Hold on, hold on, because I believe that you touch extremely important topic right now. I don't know if I understood it correctly, so let me rephrase it. So the companies, they decided to invest a lot to build like a one-shot solution, just pre-merger, to understand what is the potential overlap between the customer bases. So it's one-shot solution. And later we have also this post-merger activities that are like really painful and they can take years to get solved. So why is this? Do you think that there is lack of consciousness in the market how this problem should be approached? Because in my opinion, why shouldn't we just build one solution to tackle them all? Cheaper, isn't it?
In the case of pre-acquisition or due diligence, that is a world that is dominated by very expensive consultants, and they get billed by the hour. They don't make a ton of money by helping you build a solution that is going to last for the next 30 years. They're going to help you build something that will get you through the due diligence and maybe require you to pay ongoing maintenance for it, if you continue to use it, which most companies don't. So, the question of why did companies do this and throw money and waste money when it comes to M&A activity? Well, partially because large consultancies are involved. And secondly, because I don't think many understand a different way. There's a lot of us that, if you talk to a CIO about what the playbook is for a merger, the first thing they'll talk about is how do we physically integrate systems. How do we take two ERP systems and make them one ERP system? When in reality what you might be able to do is keep them individual but then integrate at a data level. Integrate the data, keep the systems the same, but integrate the data. That's what MDM does, complex integrations across your most important data, the shared data across those two systems. MDM is a great and viable tool in the short run to virtually tie these systems together instead of physically tying these systems together.

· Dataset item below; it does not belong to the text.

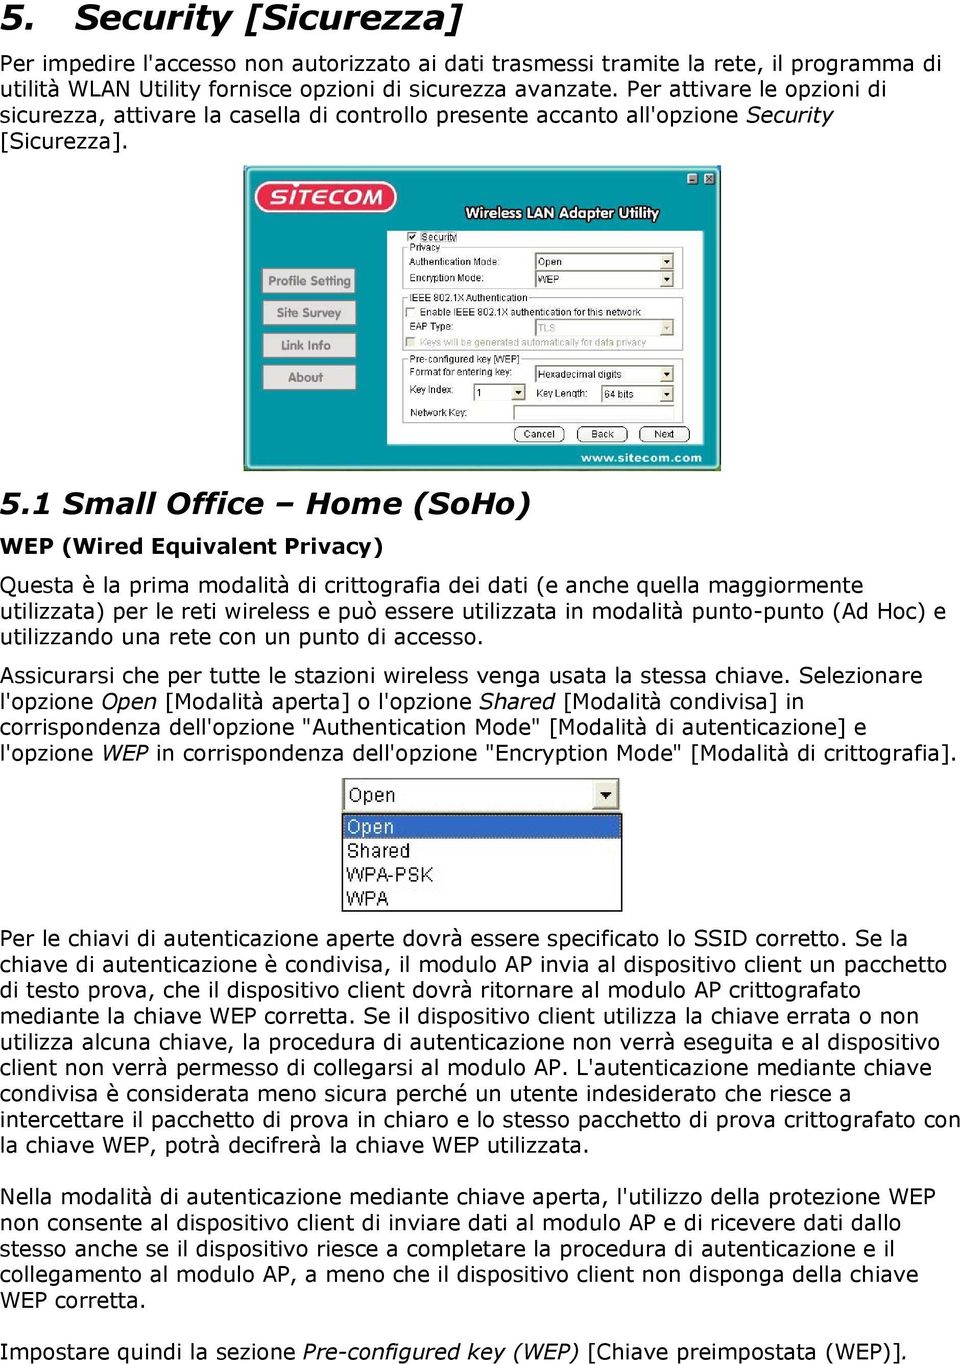 1 Small Office Home (SoHo) WEP (Wired Equivalent Privacy) Questa è la prima modalità di crittografia dei dati (e anche quella maggiormente utilizzata) per le reti wireless e può essere utilizzata in

I see. Okay. So we discussed a little bit this MDM, the consultancy, which is an extremely important thing. Right now, let's get back to our initial question. Maybe we can find some ways how we can accelerate also.
And by the way, I was talking like Big Five consultancies, not Astral Forest. I know Astral Forest would be looking out for customers' best interest and help them build scalable systems that can go into the future. I'm talking about the big ones that focus more on tax-centric and M&A-centric, the giant ones, the Deloittes and the Accentures and the McKinseys. Not Astral Forest.
Yeah, but anyway, let's get back to the AI right now because every single day I'm using AI and this is like the spiciest question right now that I can ask you. So let's continue the one from the beginning and the reason why I'm pushing you really into it because this is the same question that I am being asked almost every single day. My customers are coming to me and asking, you know, Michał, I just dropped my entire customer database to Claude. It deduces, it answers the questions, it's brilliant. It does everything by itself like magic. So why should I pay for your services and also for Profisee license if I can do everything within Claude? This is the serious question. And I would like really to push you forward with this one.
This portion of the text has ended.